Australia: Ambulance services under pressure to cut costs

A report late last month by the Sydney Morning Herald revealed that operators at a Sydney emergency ambulance call centre are being pressured to persuade patients and their families to cancel ambulance dispatches in order to reduce costs.


The measure, which is endangering the lives of patients in New South Wales (NSW), is a result of gross underfunding by consecutive state governments and in line with the federal Labor government’s “health revolution,” which seeks to drive down public health spending.


According to the Herald, NSW Ambulance Service call centre operators received a letter in August from an unnamed operations manager. It directed them to try to convince Triple Zero callers not to use ambulances, but to make their own way to the hospital or wait and see a local doctor.


The letter stated: “Our performance in achieving a non-ambulance response has deteriorated in the last three months... Health advisers are to again focus on opportunities to achieve a non-ambulance response where appropriate.” Operators were told to emphasise the potentially long wait for an ambulance, and use other techniques to persuade callers to cancel their ambulance request.

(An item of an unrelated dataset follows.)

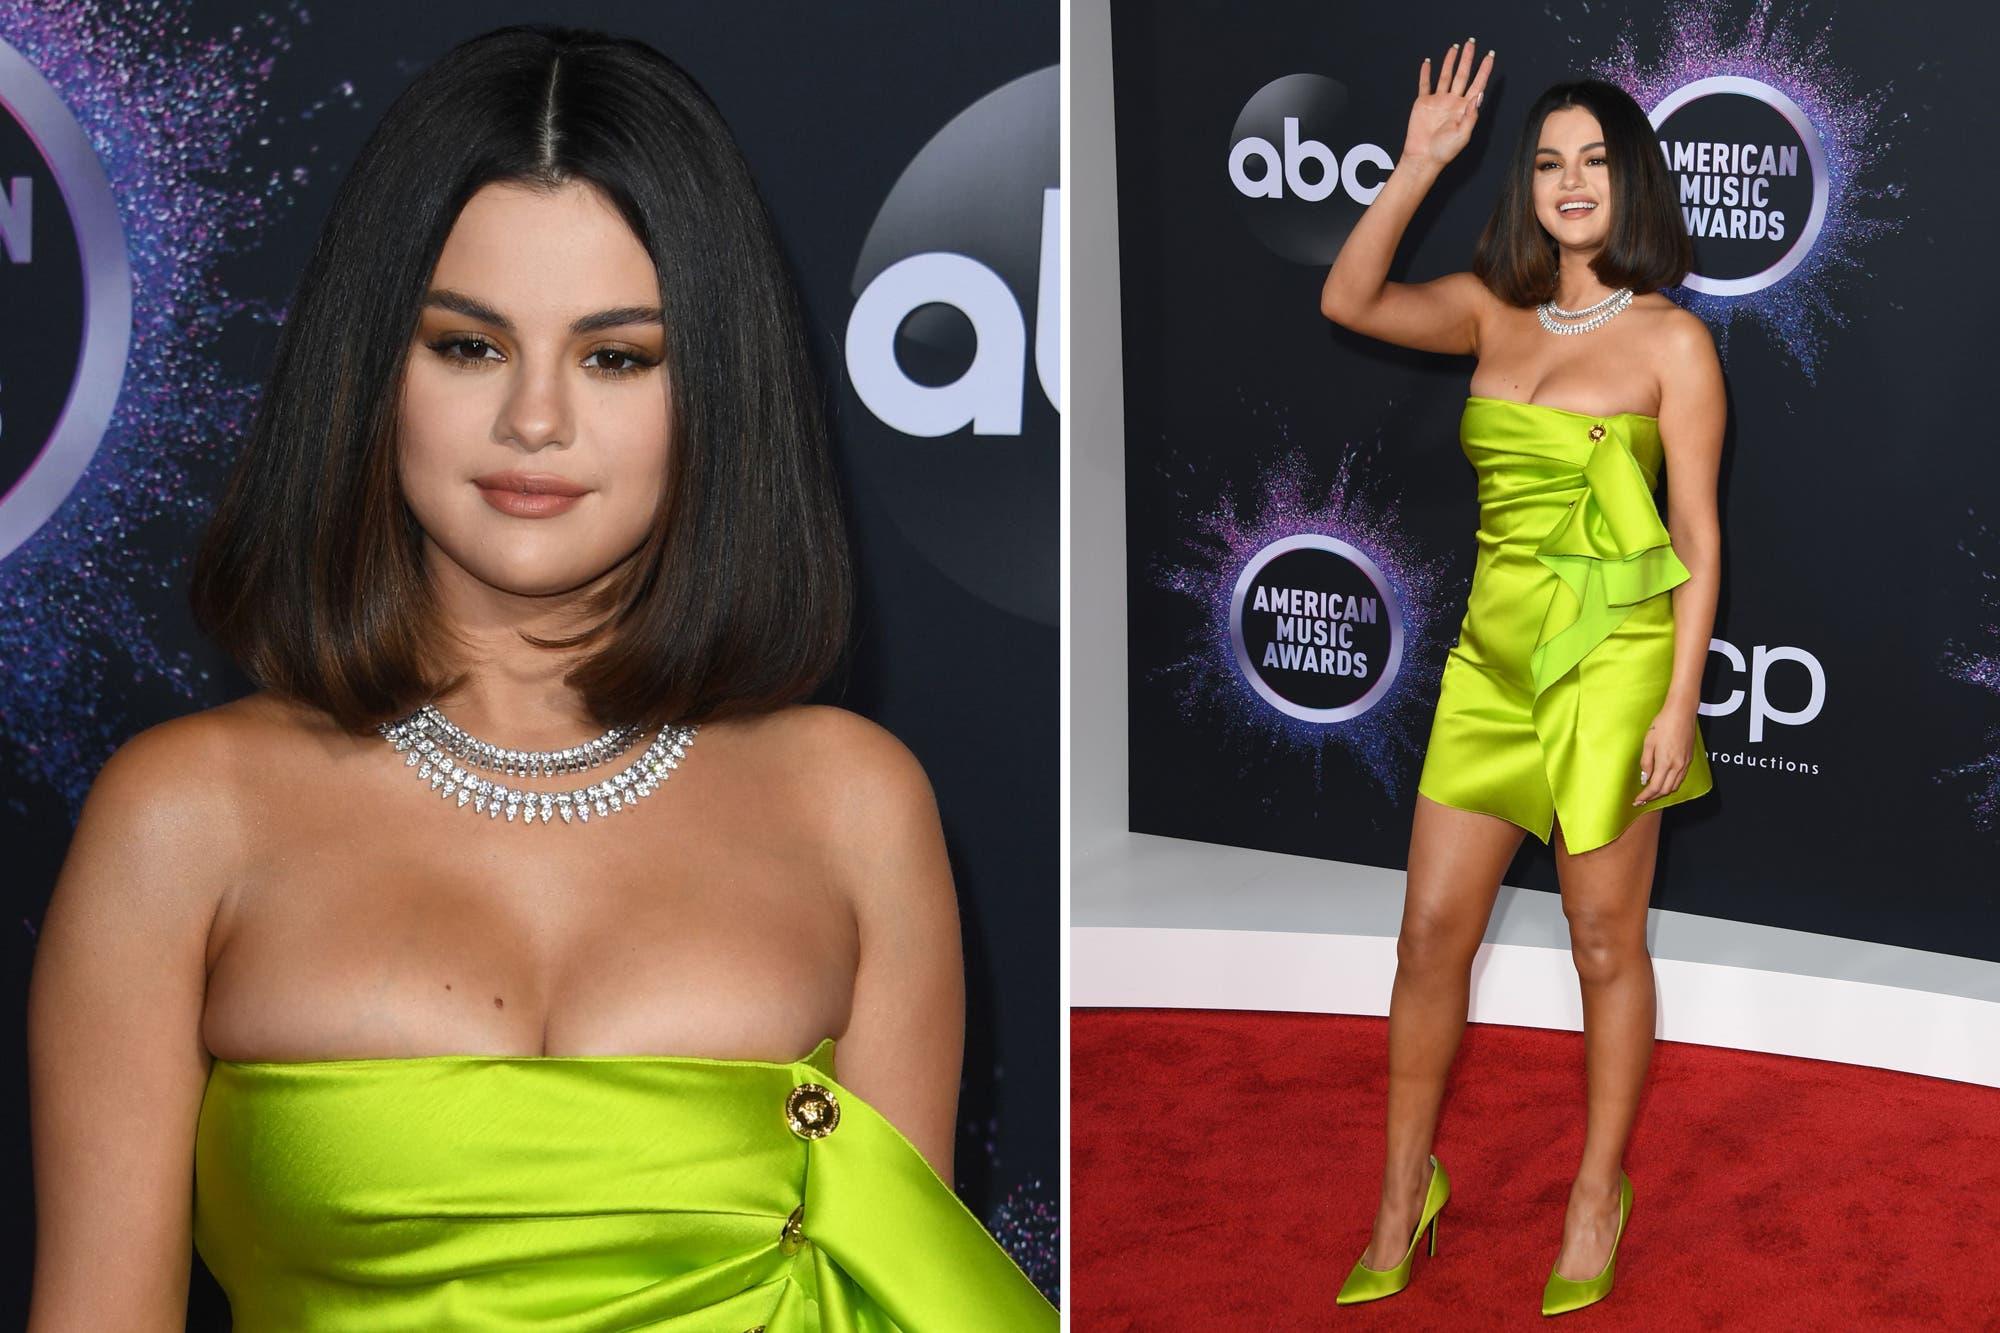 Selena Gomez sufrió un ataque de pánico antes de los American Music Awards 2019
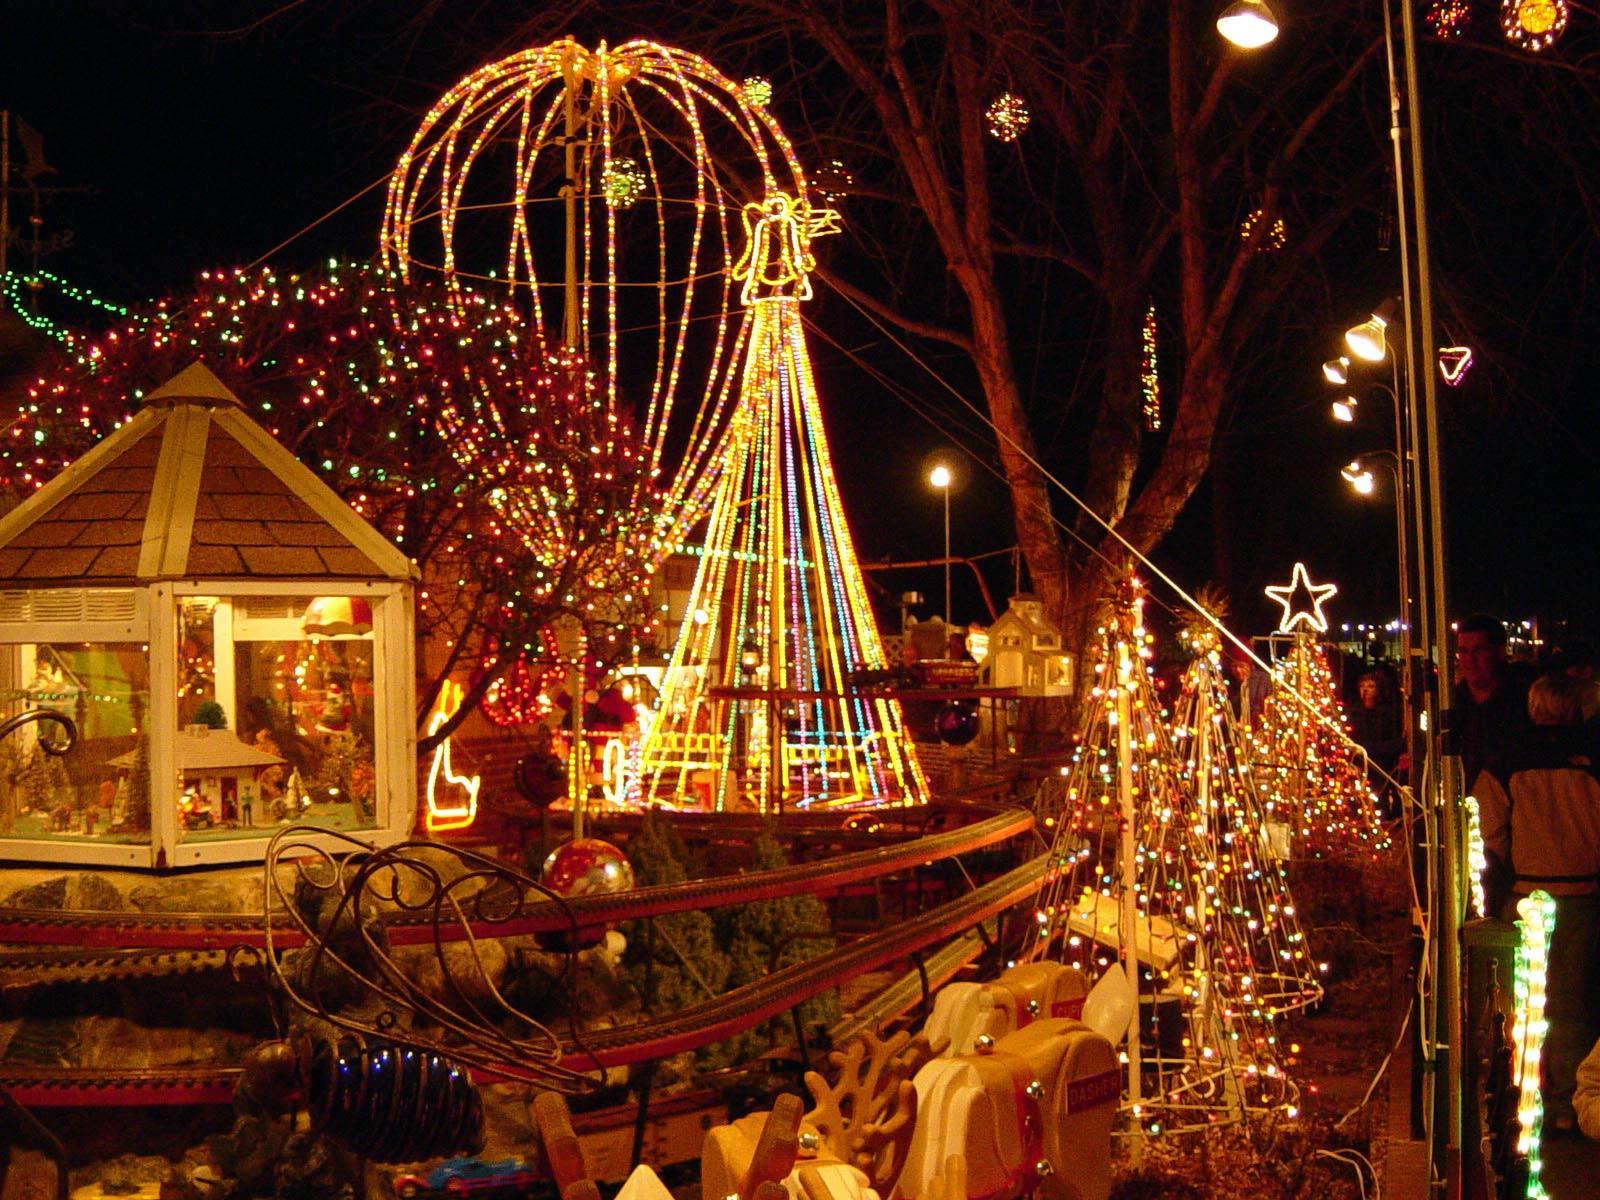 http://2.bp.blogspot.com/-wDhTuwW6Yok/TtMP1bLJcaI/AAAAAAAAEt0/wMvML2w6Lig/s1600/Christmas+Lights+wallpaper+%25286%2529.jpg

Under the present system, if a call is deemed non-urgent, it is sent to the Health Access Coordination unit. A registered nurse interviews the caller about the nature of the emergency and decides whether an ambulance should be dispatched—a process known as triage. If the case is determined to be serious, the caller is transferred back to Triple Zero and an ambulance sent.


According to NSW Ambulance Service statistics, 5-10 percent of calls were cancelled in 2008 but an unnamed Ambulance Service official told the Herald that this figure had climbed to 10-18 percent in recent months.


Ambulance service spokesmen immediately claimed that they were being “plagued” by many irrelevant or trivial calls, such as for minor ailments or injuries, while at the same time denying that such a letter had been sent to staff.


NSW state Opposition leader John Robertson denounced the policy of encouraging cancellations as a “recipe for disaster.” But Health Minister Jillian Skinner pointed out that it was introduced under the previous state Labor government, which was in office for 16 years.


Ambulance services in NSW have been grossly underfunded for decades under conditions of rapidly expanding population, particularly in the state capital Sydney, which has grown by 1.2 million people to 4.5 million in the past decade. Despite this growth, there has been no increase in emergency ambulance crew numbers since 2007.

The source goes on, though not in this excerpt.